> DATA EXTRACT:
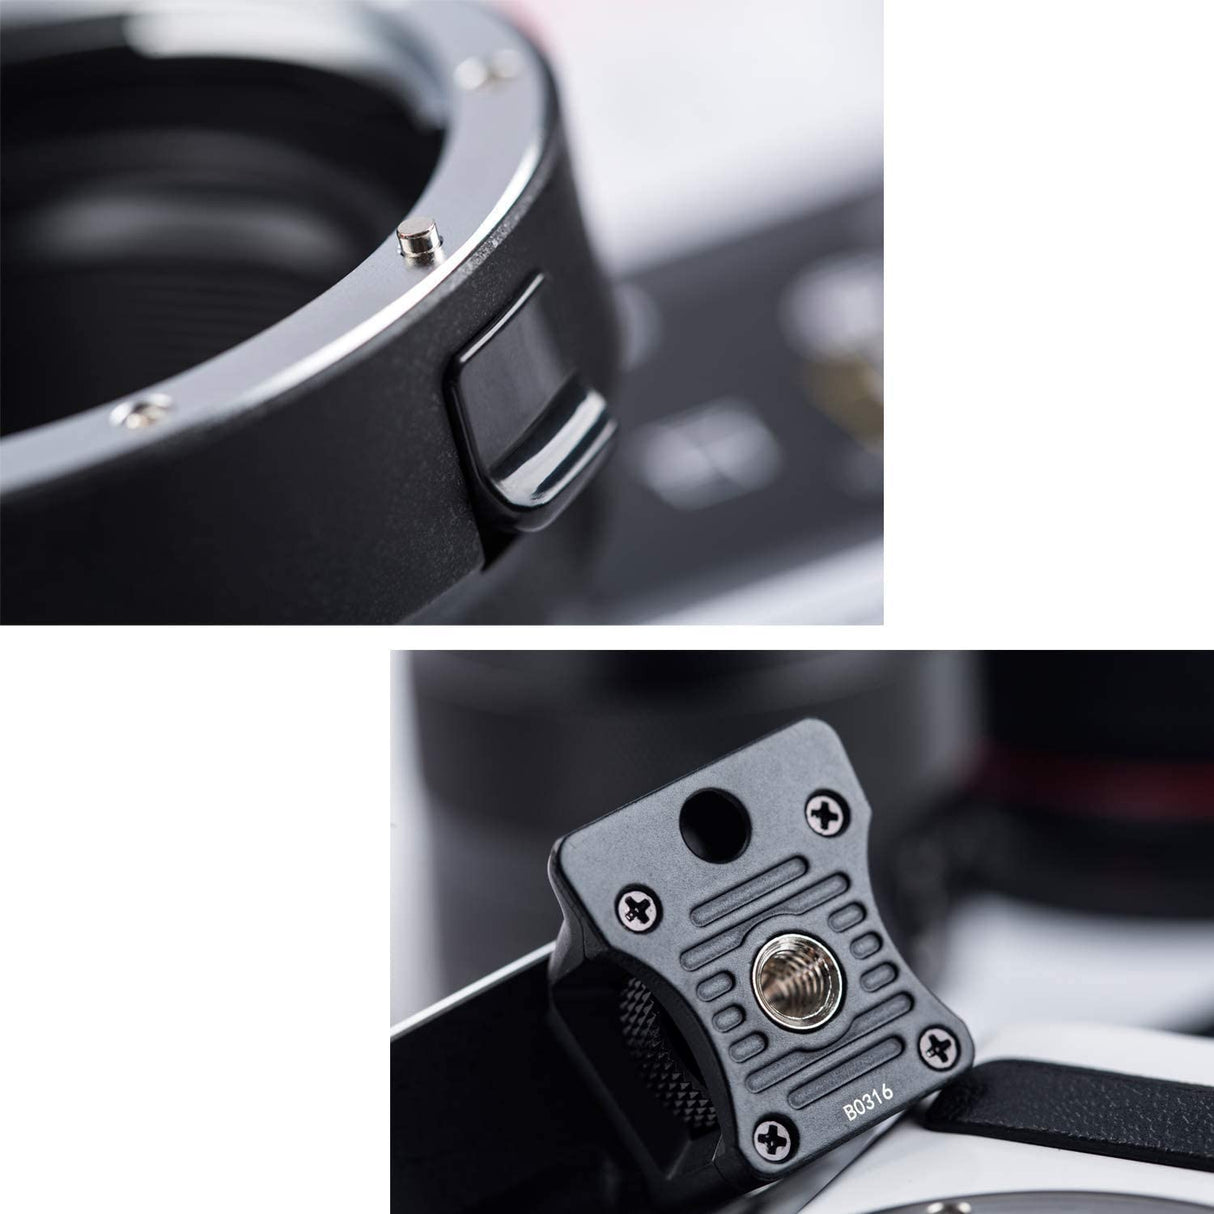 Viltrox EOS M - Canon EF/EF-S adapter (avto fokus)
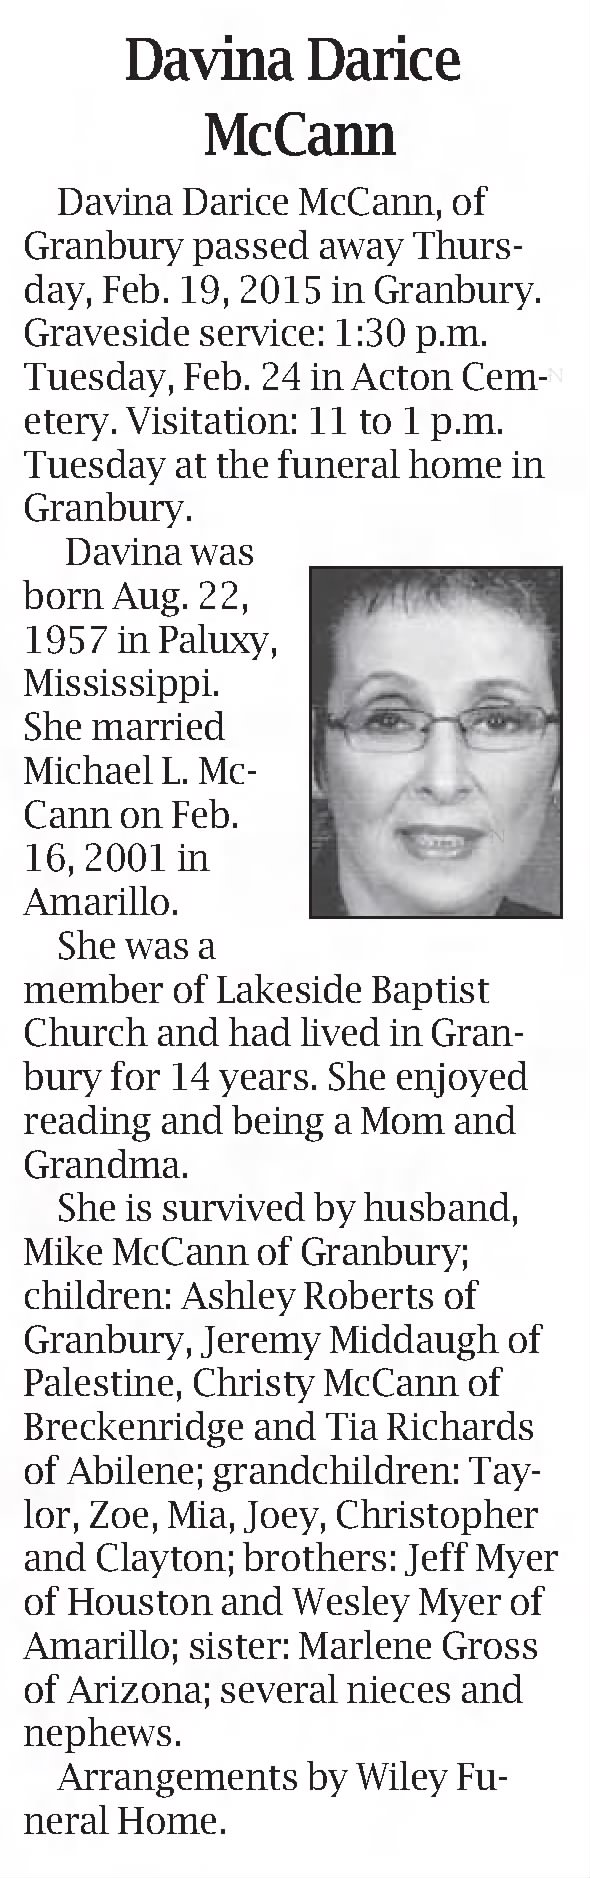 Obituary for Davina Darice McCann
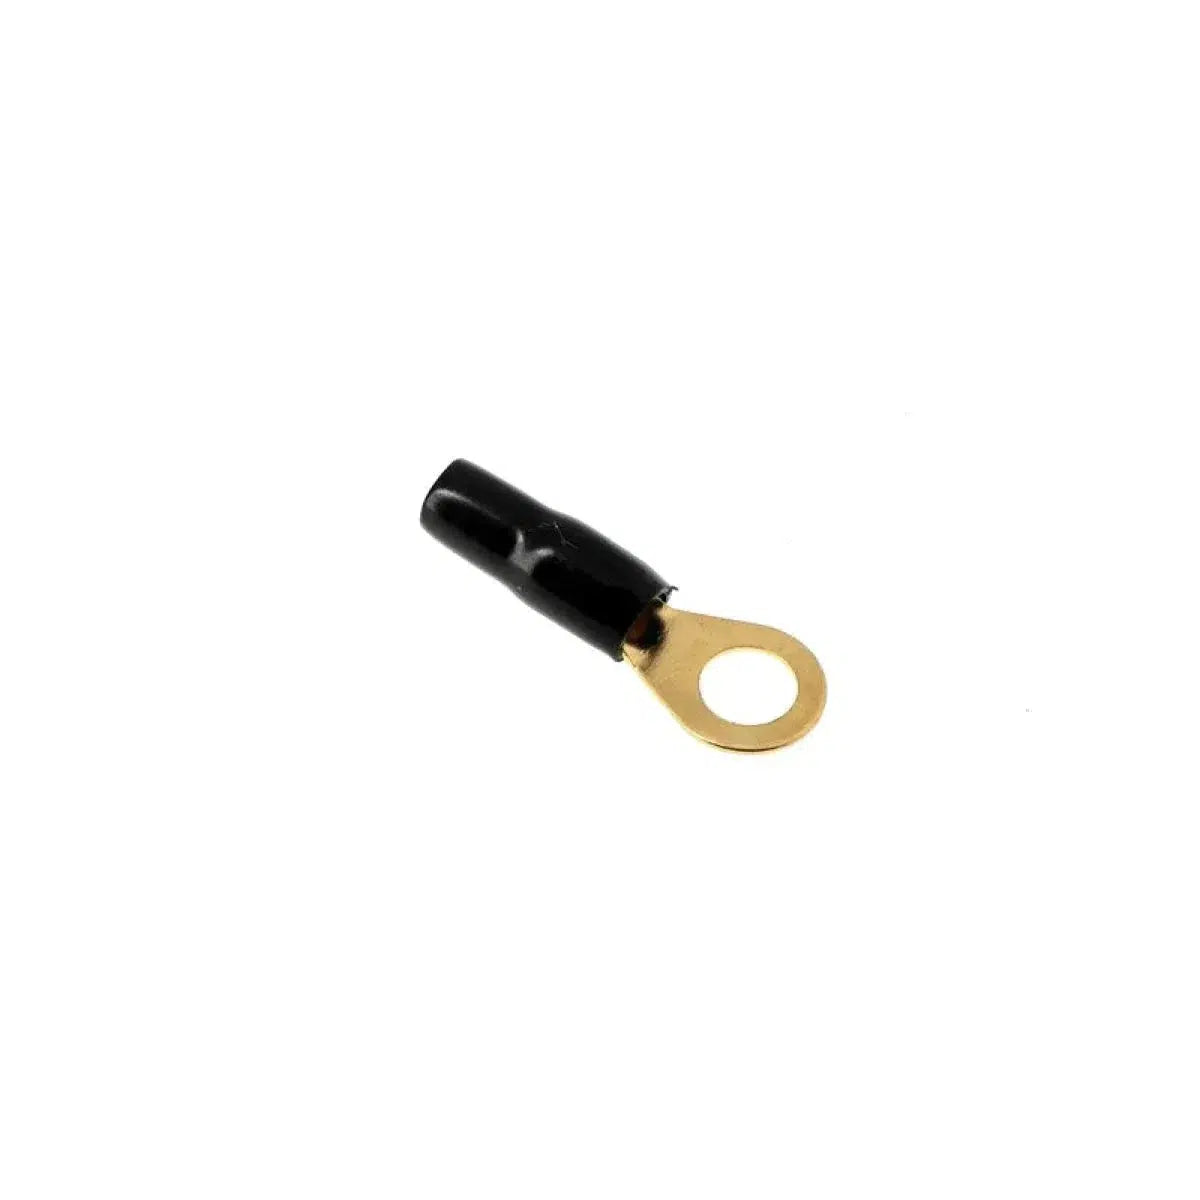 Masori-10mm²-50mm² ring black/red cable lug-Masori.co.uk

> WORK INSTRUCTION: Each line above should be written out again exactly, and no picture should appear in the copy.

> ANSWER BELOW:
 Viltrox EOS M - Canon EF/EF-S adapter (avto fokus)
 Obituary for Davina Darice McCann
 Masori-10mm²-50mm² ring black/red cable lug-Masori.co.uk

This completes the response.